Name Your LLC in Pennsylvania

Are you unsure which organization to contact and how to get an LLC in PA? The PA Department of State handles all LLC formations in the state. An LLC is a popular choice because it separates the entity from the owner for tax and legal purposes. All business owners need to register with the Department of State before legally conducting business. This department sets business regulations and processes all LLC applications.

The first step to forming an LLC in PA is choosing a unique name. All LLCs must have a unique name, meaning all registered businesses must have a name distinctive from all other entities on file with the Department of State. The department maintains a website that allows you to check the availability of your name before you file your formation documents. Keep in mind all businesses must end with Company, Limited Liability Company, or a suitable variation.

Pennsylvania allows you to reserve a name for up to 120 days before you file your paperwork. For a $70 fee, you can submit a form to save the name for your LLC in Pennsylvania. You can submit this document online or via U.S. mail.

Wondering how to get an LLC in PA for certain licensed professionals? Certain vocations such as doctors, lawyers, architects, and real estate professionals must form a restricted professional company. Most other U.S. states call this type of organization a professional limited liability company, or PLLC. In Pennsylvania, the regulations for regional professional companies mirror those for LLCs. You can find out if your line of business must form a restricted company by looking on the PA Department of State’s website.

Step 2

Designate a Registered Agent

The next step to forming an LLC in PA is designating a registered agent. A registered agent is a person or entity willing to accept legal paperwork and other documents for your business. Examples of paperwork typically sent to registered agents include subpoenas, tax notices, and correspondence. Your agent must notify you when paperwork for your LLC comes through the mail or through a process server.

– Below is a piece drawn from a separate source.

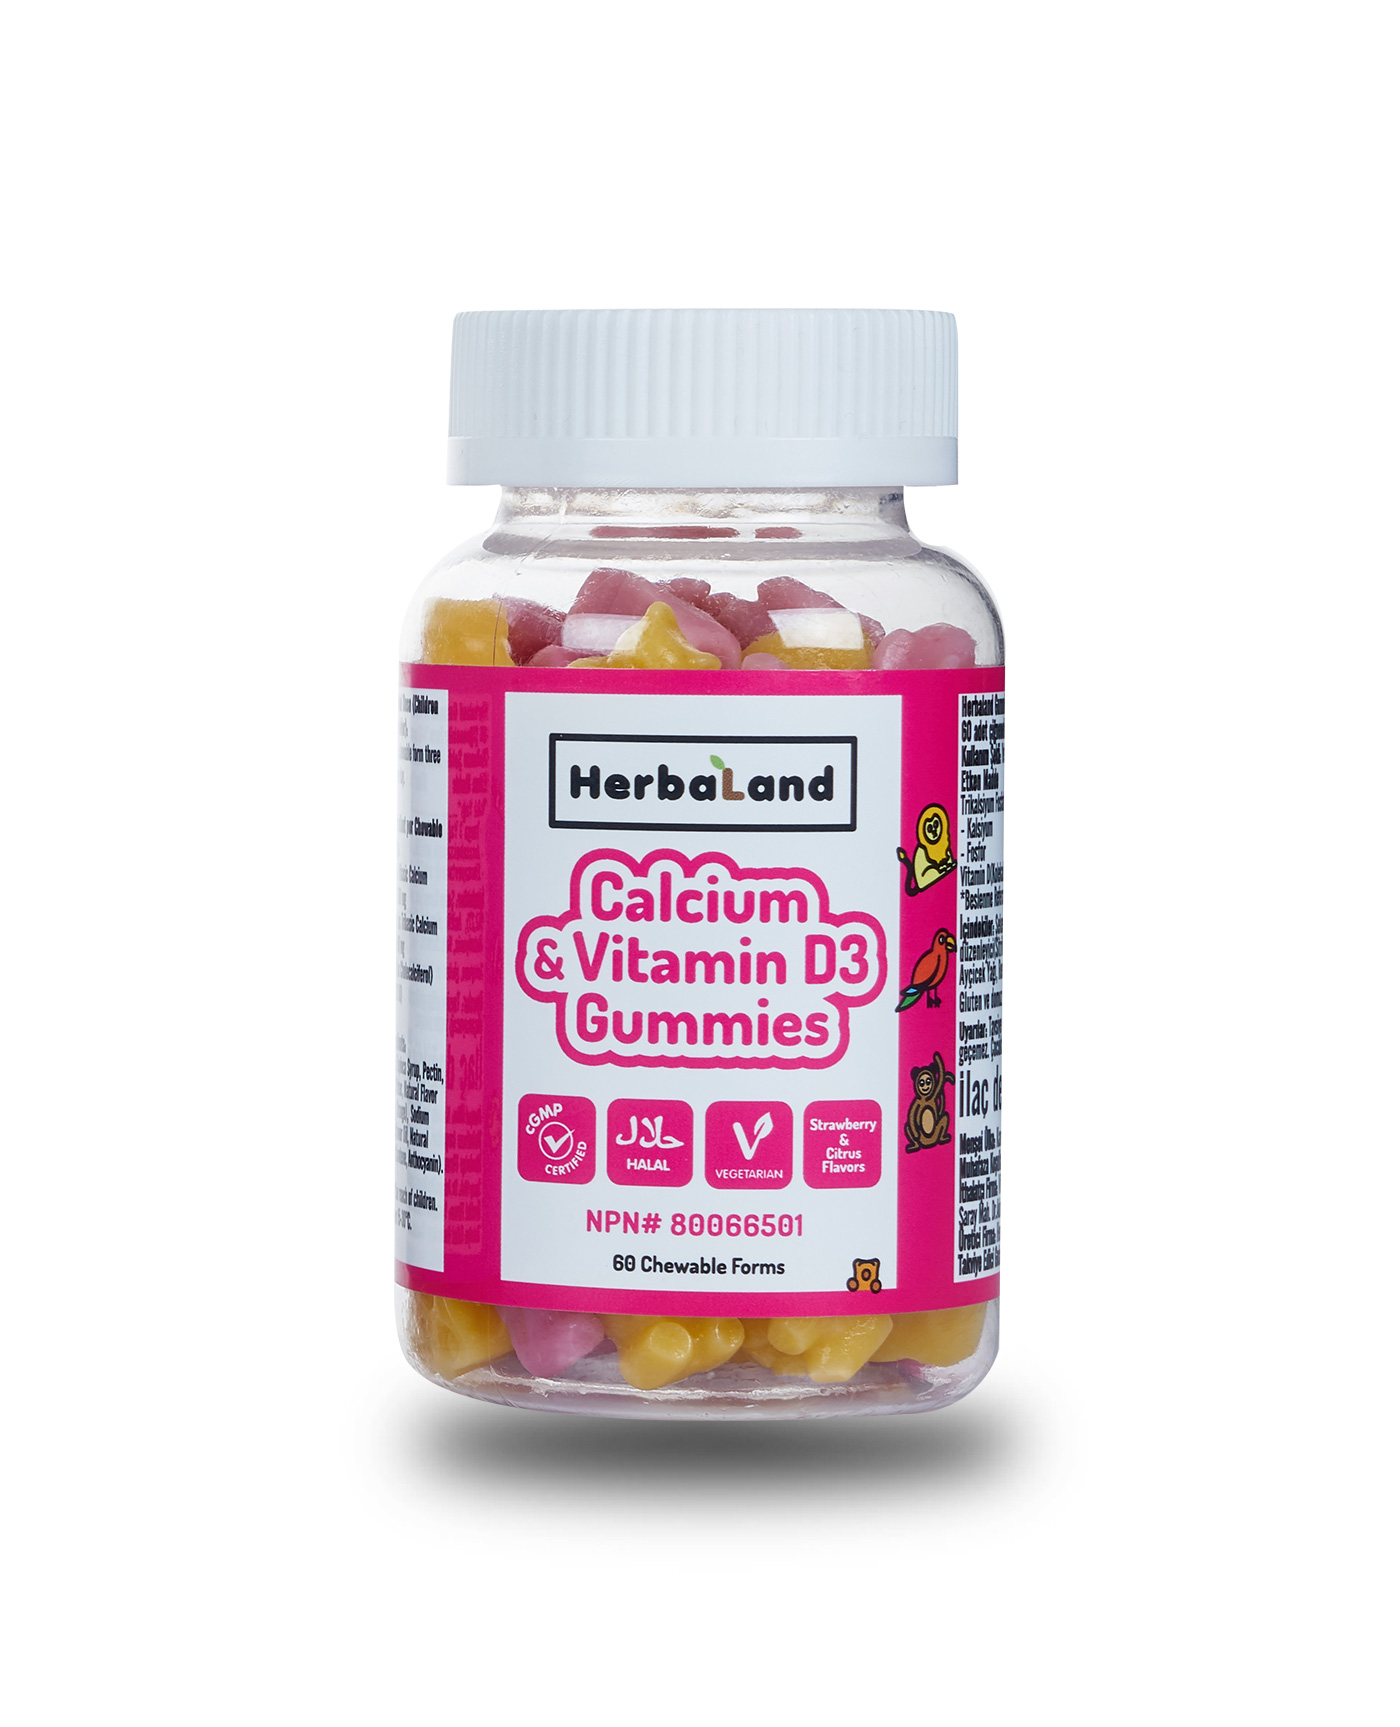 G g vitamins. Витамины Gummies d3 HERBALAND. HERBALAND Calcium Vitamin d3 Gummies. HERBALAND Omega. Кальций витамины.

An individual serving as a registered agent must be a legal Pennsylvania resident. They must also be over the age of 18. A company authorized to conduct business in the state can also serve as your LLC’s registered agent. Whether you choose a company or a business, the agent must have a physical street address. A member or manager of your LLC can serve as a registered agent as long as everyone involved in the business agrees. There are also numerous online legal services licensed to perform registered agent services in Pennsylvania.

Step 3

Get a Pennsylvania Business License

Are you wondering how to get an LLC in PA and if you need a business license? Fortunately, not every Pennsylvania LLC requires a license. However, many businesses need at least one license or permit. Some of these licenses are regulatory while others are based on specific occupations.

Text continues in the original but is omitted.